This article is about divorce in the Muslim marriage context, with regards to a recent Court of Justice of the European Union  (EUCJ) ruling.

Now, a quick background check. Divorce for a Muslim marriage can be generally categorized into 4 categories. These are: (1) Talak, (2) Khuluk, (3) Taklik and (4) Fasakh).

Talaq comes from the Arabic word, which means, “to release” or in this case, “to divorce”. In this divorce, the husband rejects his wife. Talaq allows the husband to apply for a divorce without having to prove that his wife has done wrong. The divorce is effected simply because the husband no longer wants his wife and has rejected her.

Khuluk also comes from the Arabic word, Khula, which is the right of a woman to seek divorce from her husband. In return, she is required to compensate her husband, normally through monetary means. In contrast from Talaq, the wife is also required to prove that her husband has done wrong and breached either Taklik or Fasakh. There is an exception however, if her husband permits her to file for a divorce.

Taklik is derived from Arabic, which means a conditional divorce, and can be seen as a conditional marriage stipulation, like a pre-marriage/nuptial agreement. Should a woman apply for Khuluk, she will have to prove that her husband has breached the Taklik before the divorce is valid under Shariah.

The last form of Muslim divorce is through Fasakh. This dissolution of marriage can occur under any valid reason and it means to annul the marriage.
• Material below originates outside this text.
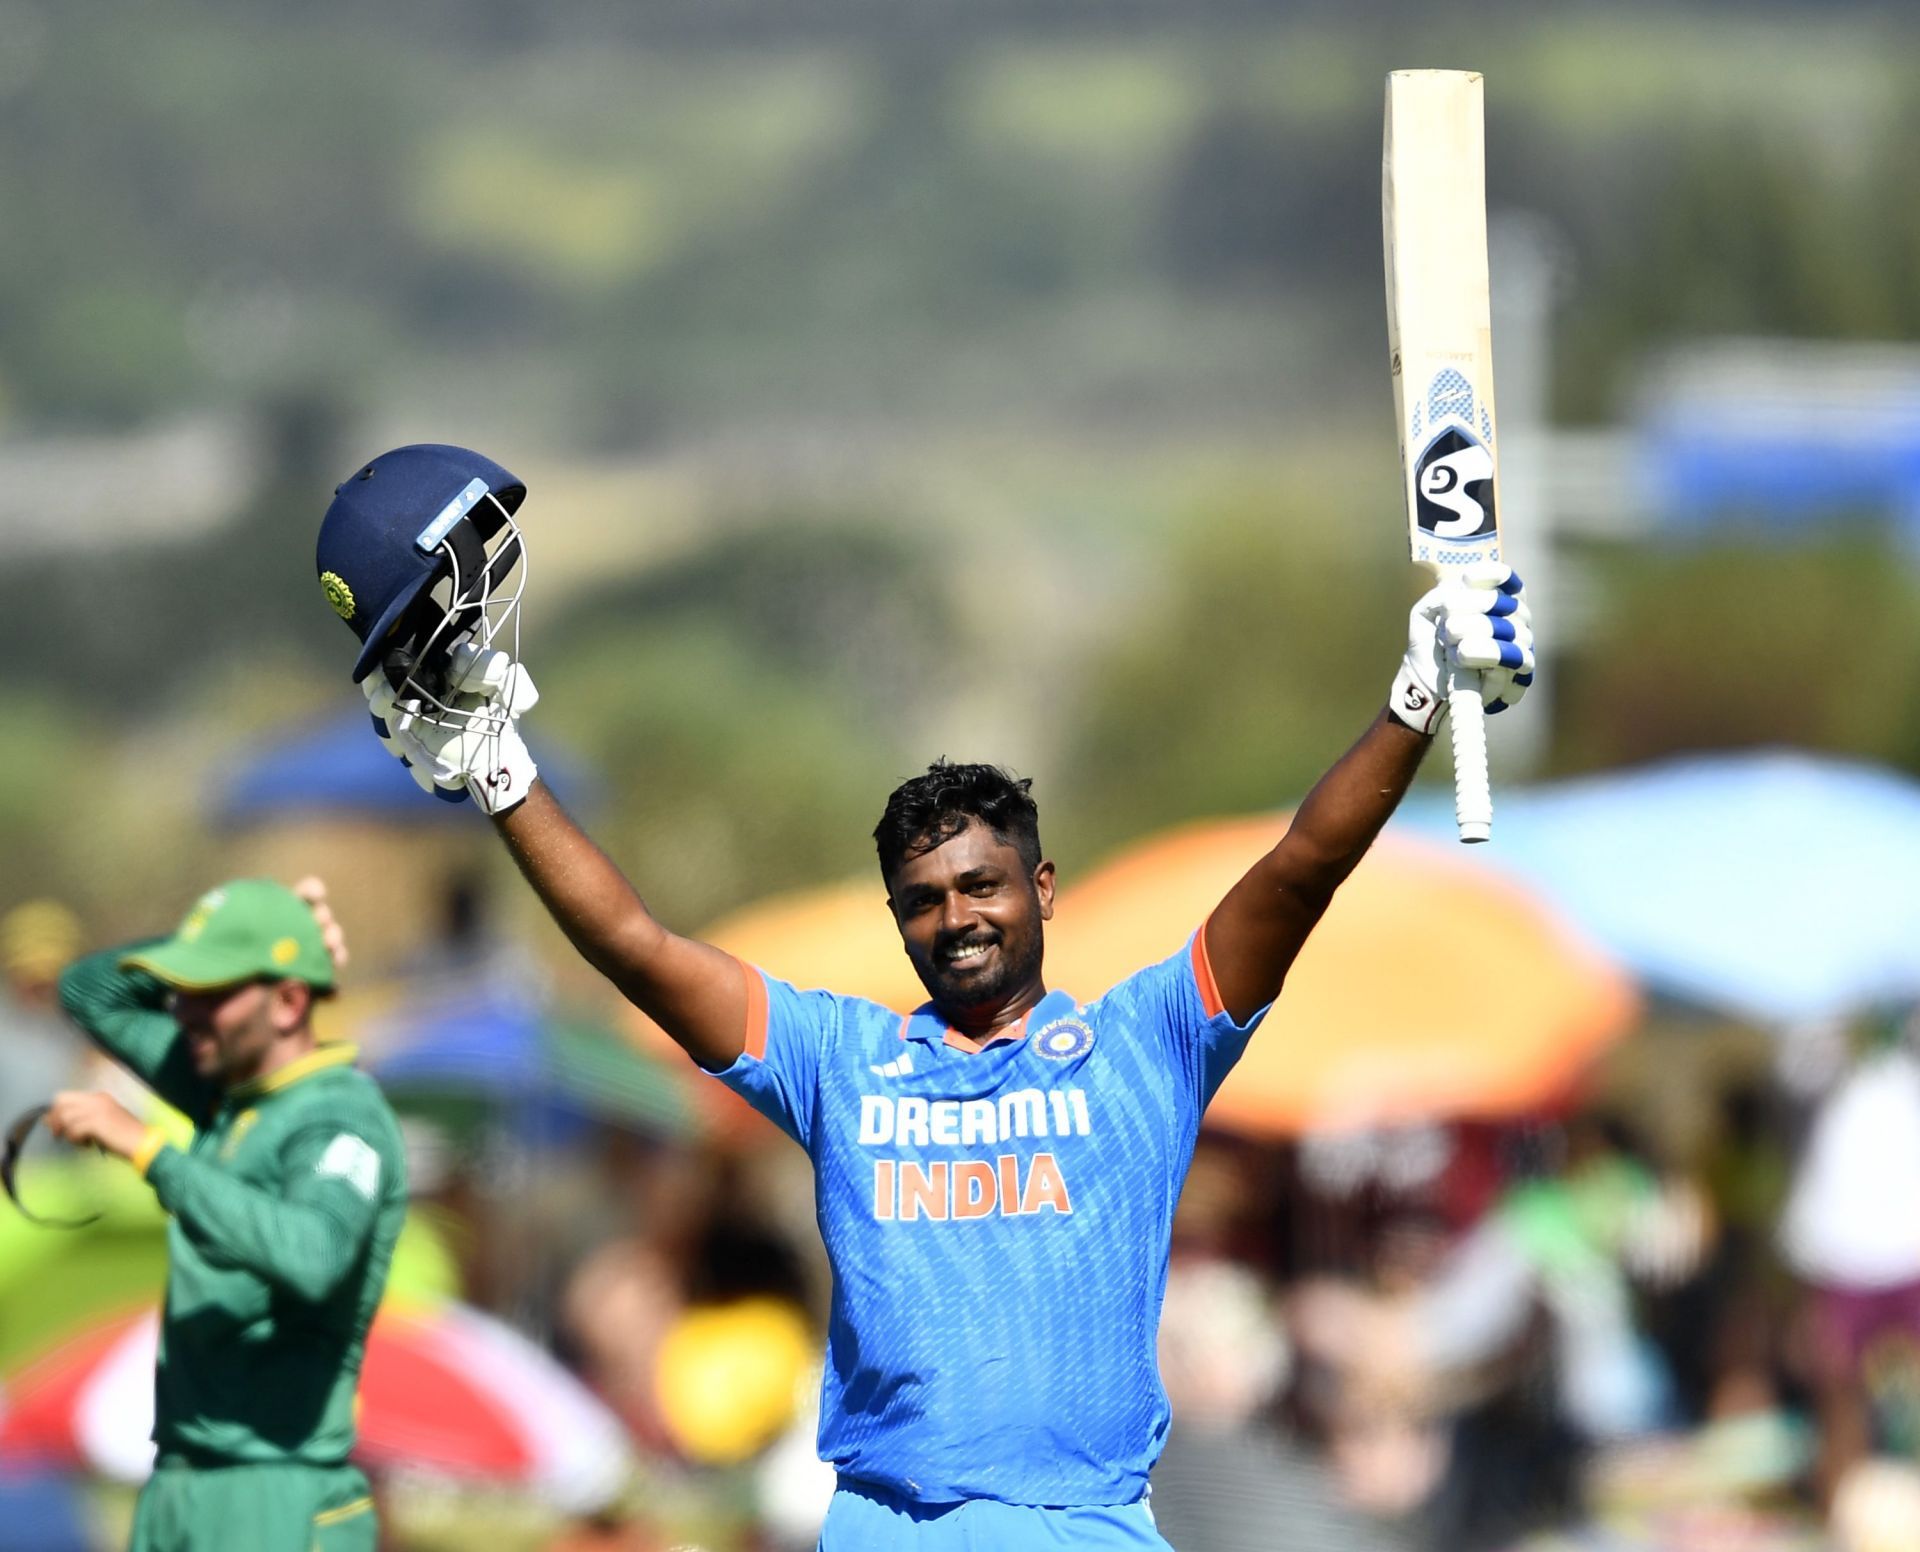 Sanju Samson&#039;s century in the final ODI against South Africa might have earned him a place in India&#039;s T20I side. [P/C: Getty]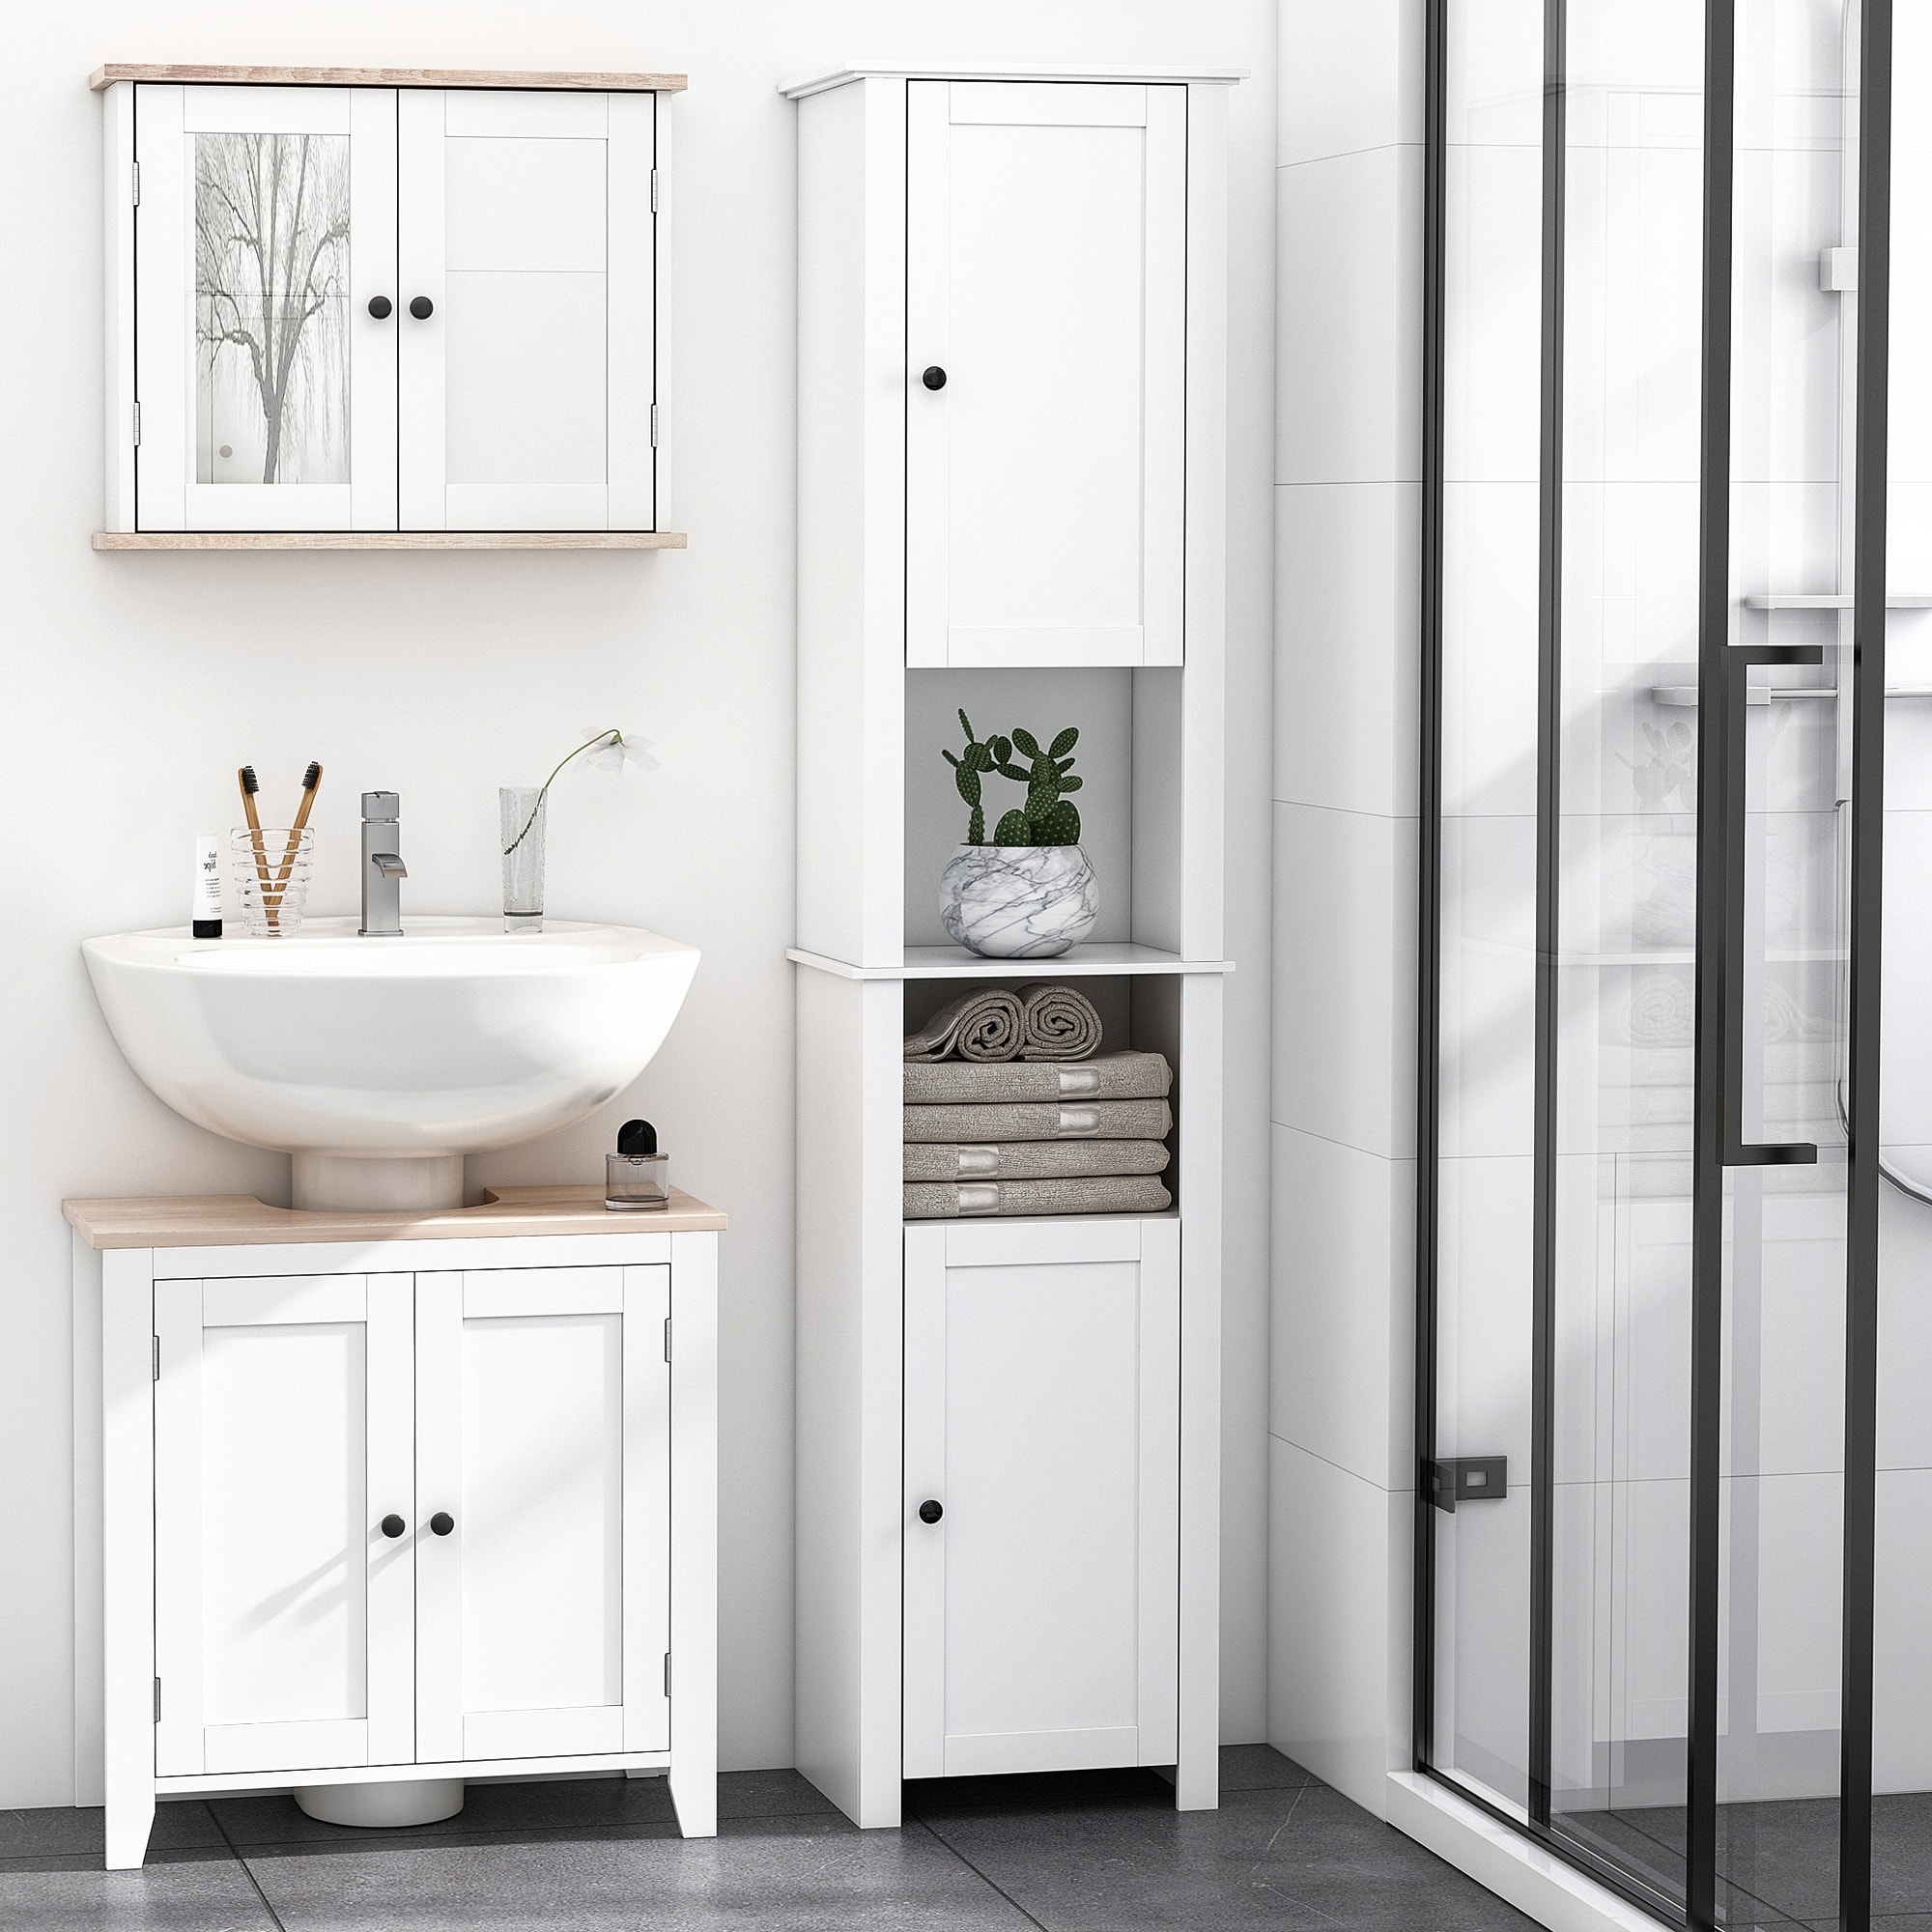 https://ak1.ostkcdn.com/images/products/is/images/direct/b55747b3301d911433185a5a28e7f525916ff976/HOMCOM-Tall-Bathroom-Storage-Cabinet%2C-Freestanding-Linen-Tower-with-2-Tier-Shelf-and-2-Cupboards%2C-White.jpg

Generally there is a non-exhaustive list of grounds where a marriage can be annulled, and include failure of the husband to provide his wife with maintenance for 3 months, the husband was impotent at the time of the marriage and is still impotent to date etc.

Now, in late 2017, the EUCJ heard the following matter: Advocate General’s Opinion in Case C-372/16 Press and Information Soha Sahyouni v Raja Mamisch. Mr Raja Mamisch and Mrs Soha Sahyouni, who hold both Syrian and German citizenship, were both residents in Germany. The couple married in 1999 in the Syrian city of Homs.

In 2013, Mr Mamisch expressed his desire to get divorced, his representative pronounced the required formula before a religious court in Syria, which granted the divorce. The divorce was ‘private’ in so far as it is based not on a constitutive decision of a court or other public authority, but on a declaration of intent of the spouses (a Talak), in this case unilateral and followed by a merely declarative act of a foreign authority.

Subsequently, Mrs Sahyouni signed a declaration acknowledging that she had received all the payments which, according to religious law, were due to her under the marriage contract and on the basis of the unilateral divorce instigated by her husband and she thereby released her husband from all obligations to her.

Mr Mamisch then applied to have the Shariah divorce recognised in Germany. That application was granted by a Higher Regional Court in Munich, holding, in particular, that the ‘Rome III’ Regulation on the law applicable to divorce covers that type of application and that, under that regulation, the divorce at issue was governed by Syrian law.

The Rome III Regulation was implemented in 2010 for the enhanced cooperation in the area of the law applicable to divorce and legal separation is a regulation concerning the applicable law regarding divorce valid in 17 EU countries. The Regulation dictates which law should be used in cross-border divorces in Europe.

Mrs Sahyouni contested that recognition of the divorce, which was referred to the Court of Justice several questions relating to the interpretation of the ‘Rome III’ Regulation.

In his Opinion, the Advocate General of the EUCJ noted first of all that the ‘Rome III’ Regulation lays down the rules governing conflicts of applicable laws in matters of divorce in the participating Member States, without governing the recognition of decisions on divorce which have already been made.

While this seems a bit technical, what it means is that the Advocate General considered that the ‘Rome III’ Regulation does not cover divorces which are declared without a constitutive decision of a court or other public authority, such as a divorce resulting from the unilateral declaration of a spouse which is registered by a religious court.

In other words, the divorce pronouncement in a Sharia court in Syria cannot be a divorce validated under EU law. In short, the EUCJ said member states of the European Union must decide for themselves whether to recognise “private divorces”, such as those performed in Shariah courts, and therefore the EU law (the Rome III Regulation) is not applicable. So, a summary of this case is that a declaration of divorce before a religious court (such as that in Syria) does not fall under the scope of the regulation, and said the case must be resolved under German law.

In Australia, the courts will examine all factors before applying a judgement from another foreign jurisdiction, especially in regards to divorce. Some of the main issues to be examined would be fairness to the parties, right to adequate and capable representation, adherence to any International Charters and Conventions (such as Convention on the Elimination of all Forms of Discrimination against Women), the best interest of the children, duress and lack of free consent, judicial competence of the foreign court, as well as general consonance with Australian laws.

As an aside, it should be noted that most Islamic countries have now banned triple Talaq.

Till next  time, Masalama and Ramadan Kareem/Mubarak.